Headers are typically the first line or lines of the file, and tell you what each column in the file represents. They are sometimes denoted with a `#` symbol so you can distinguish them from the data.

So we can imagine detecting header lines by checking if the first character is `#`.

## Processing lines of data within a file

How could we perform numerical operations on the numbers in this file? What steps would we have to take? 

We need to isolate the numbers and convert them to floats, like we saw before. Is there a simple way to do this?

### The `split` method

One simple technique is to use the `split` method to split apart each string using whitespace as a delimeter:

In [None]:
splitLines = []

for line in lines:
    print(line.split())  # Printing the result of the split function on each line.
                         # Note the absence of an argument.
    splitLines.append(line.split())  # Adding each split line to a list for later use.

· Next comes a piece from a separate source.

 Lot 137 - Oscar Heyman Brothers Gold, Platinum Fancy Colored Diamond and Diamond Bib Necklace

Note that each line (a string) has been turned into a list of strings, where the whitespace has been removed. So `split` is a method that acts on a string to create a list of string values. By default, `split` splits a string on spaces, but other delimiters can be used instead (e.g., `line.split(",")` if the file contains values separated by commas). Look up the documentation for `split` if you want to learn more!

Let's look at that list we created during our loop above.

In [None]:
print(splitLines)

In [None]:
print(splitLines[1])
print(splitLines[1][1])

## Writing data to a file

The syntax for writing data is identical to reading data, other than using `"w"` (for write) instead of `"r"` (read) for the second argument in the `open` function:

In [None]:
dataToWrite = "# header line\nline 1\nline 2"

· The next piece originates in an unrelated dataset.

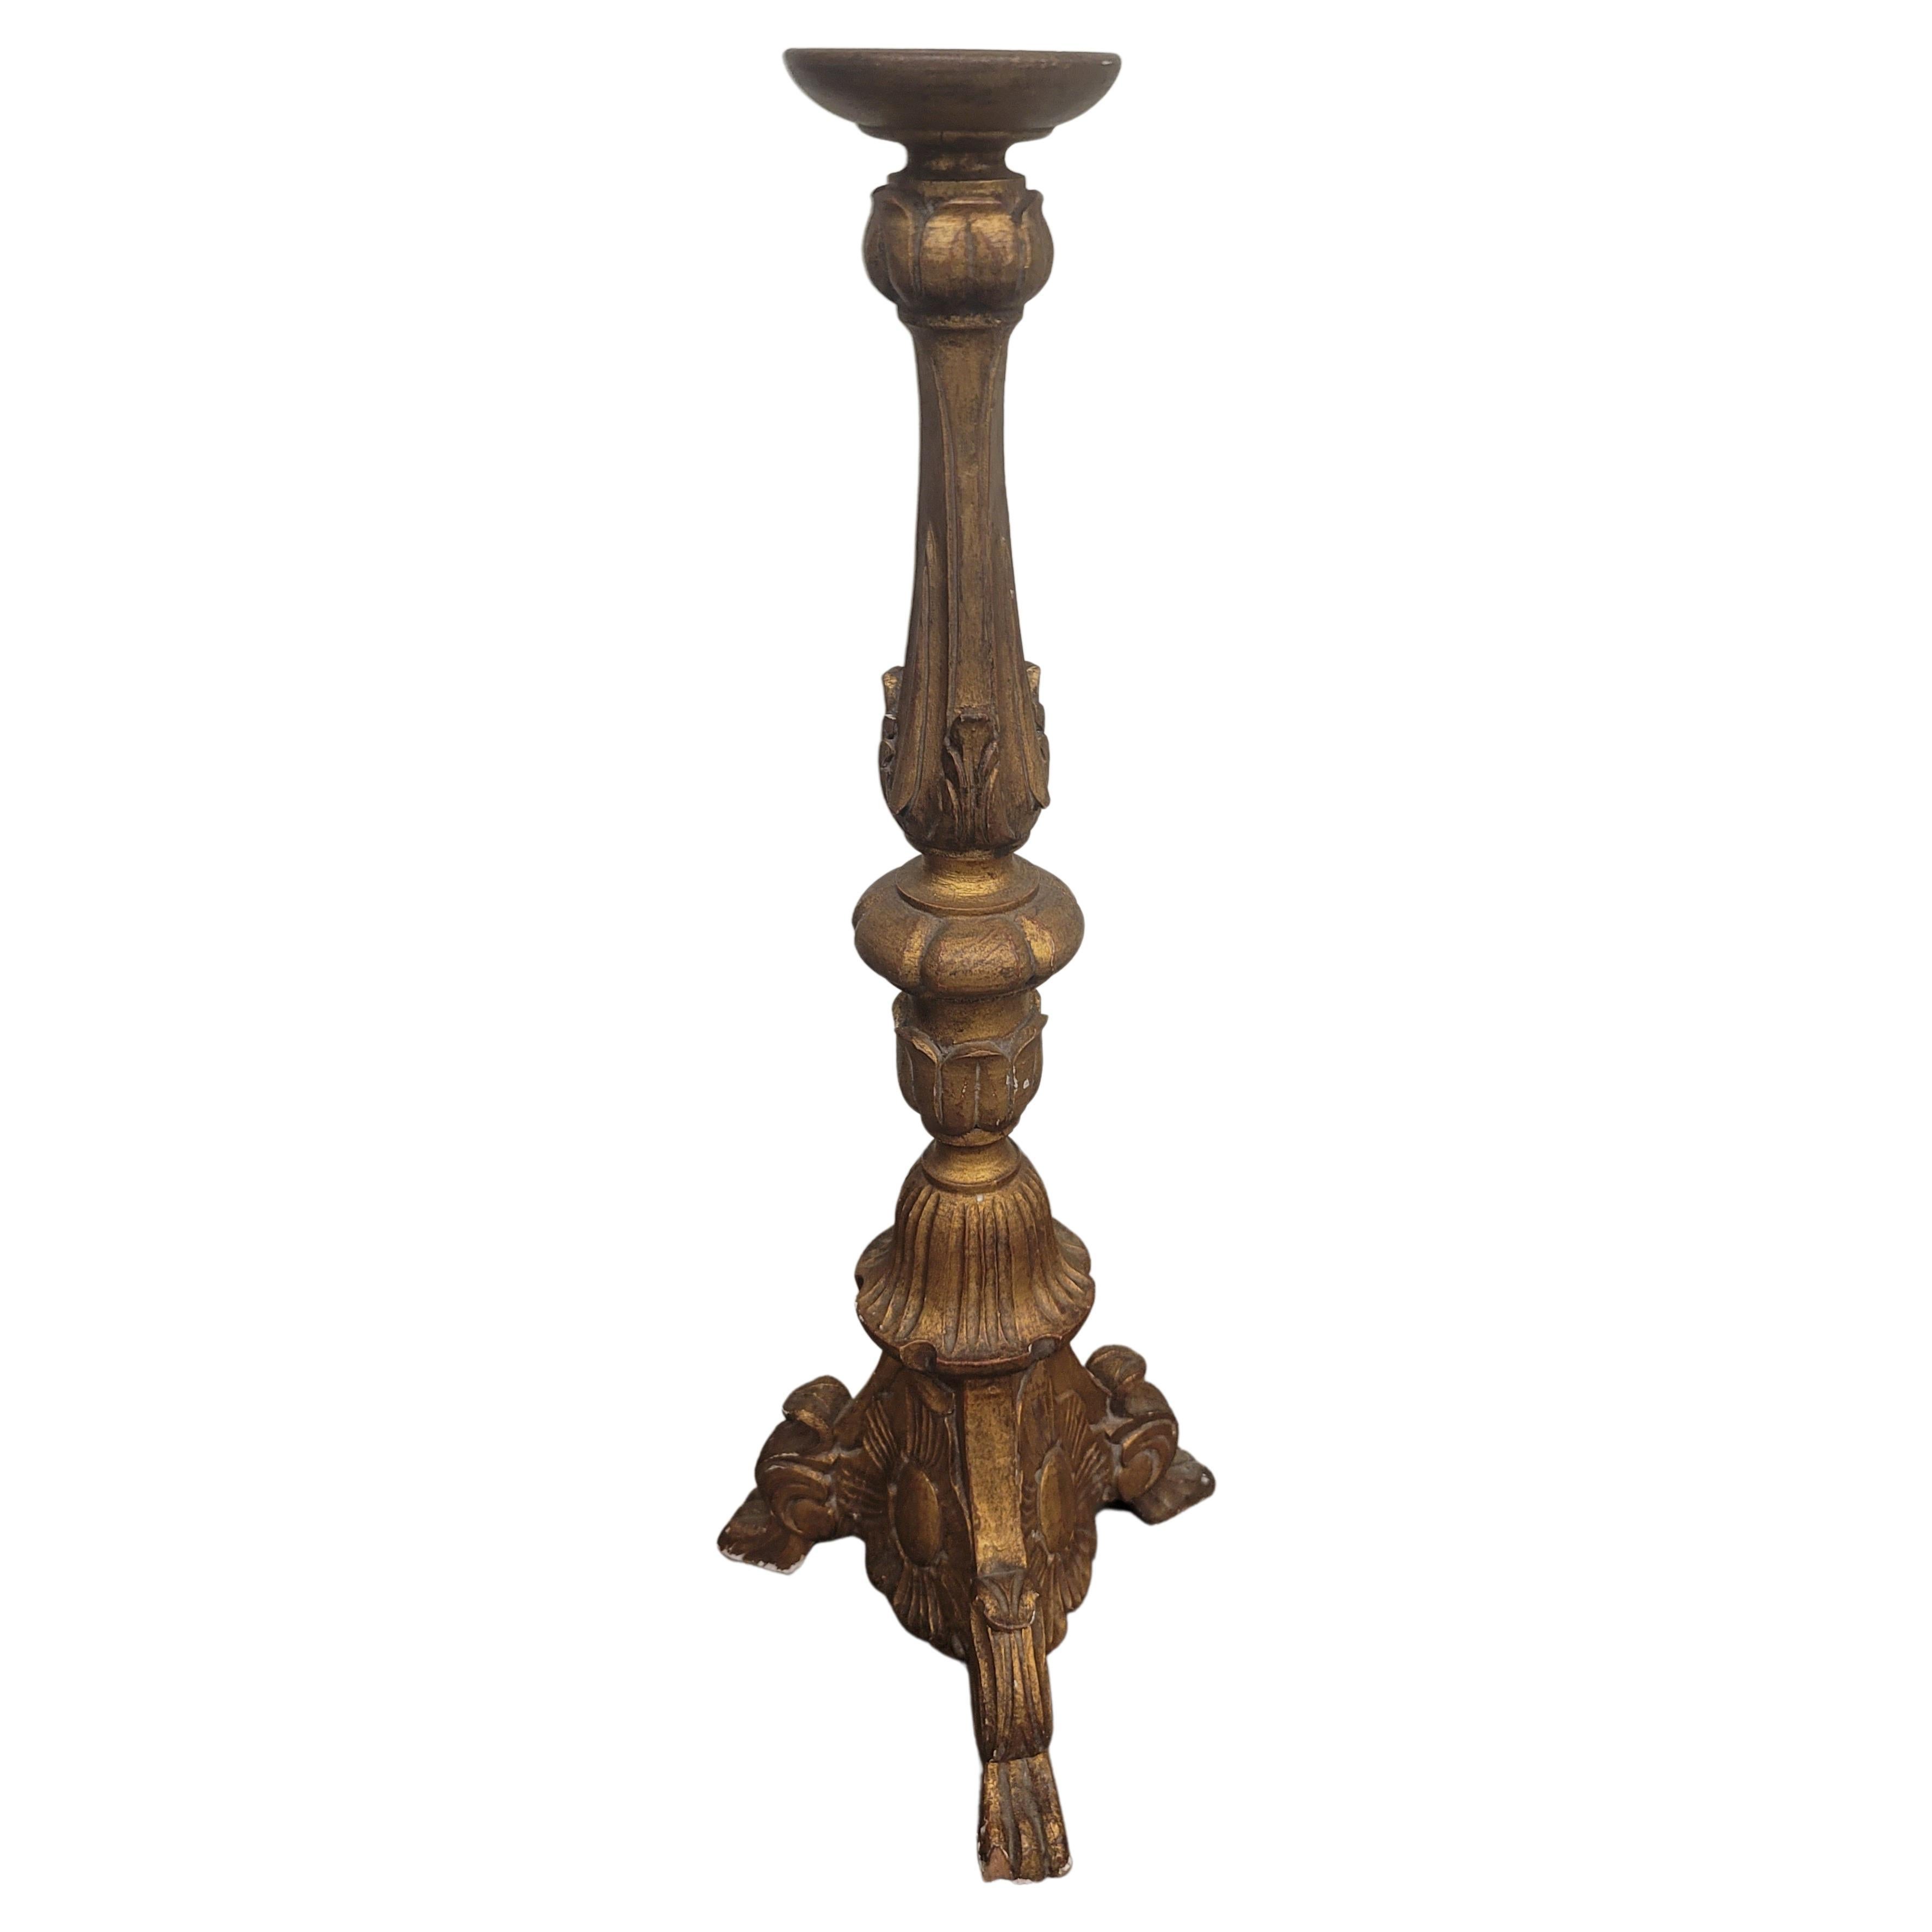 Antique Italian Gilt Wood Pricket Floor Altar or Candlestick

with open("data/new_data.txt", "w") as file:
    file.write(dataToWrite)

Note that we use the `write` method to write the data, and that data must be a string with each line separated by a `"\n"`. So, if we want to save a list of data to a file, we would have to convert the data to this specific type of string first.

### Preparing data for writing

We can use the `join` method to convert a list of strings to a single string to be saved to a file:

In [None]:
dataAsList = ["# header", "line 1 data", "line 2 data"]

dataAsString = "\n".join(dataAsList)
print(dataAsString)

Let's break down how this works:

1. The `join` method is called on a string that we define (`"\n"` in this case)
2. The string that we define is the separator that will be placed between each of the string elements in the list we pass to the `join` method
3. The list with the string elements we want joined into a string is passed to the `join` method.

So, if our data is a list of lists, and we want each column of the data separated with a space, we can create the data string as follows:

In [None]:
dataAsList = [["#", "value1", "value2", "value3"], [5, 7, 12], [30, 15, -4]]

rows = []
for row in dataAsList:
    stringRowList = [str(element) for element in row]  # Converting each list element to a string
    stringRow = " ".join(stringRowList)  # Turning the list of strings into a space-separated string
    rows.append(stringRow)  # Appending each space-separated string to rows

dataAsString = "\n".join(rows)  # Turning the list of space-separated strings to a string separated by \n characters
print(dataAsString)

## Appending data to a file

The syntax for writing data is identical to writing data, other than using `"a"` (for append) instead of `"w"` (write) for the second argument in the `open` function. This will append lines to the _end_ of a file, rather than totally rewriting the file (erasing the data that already exists in the file and only writing the new data).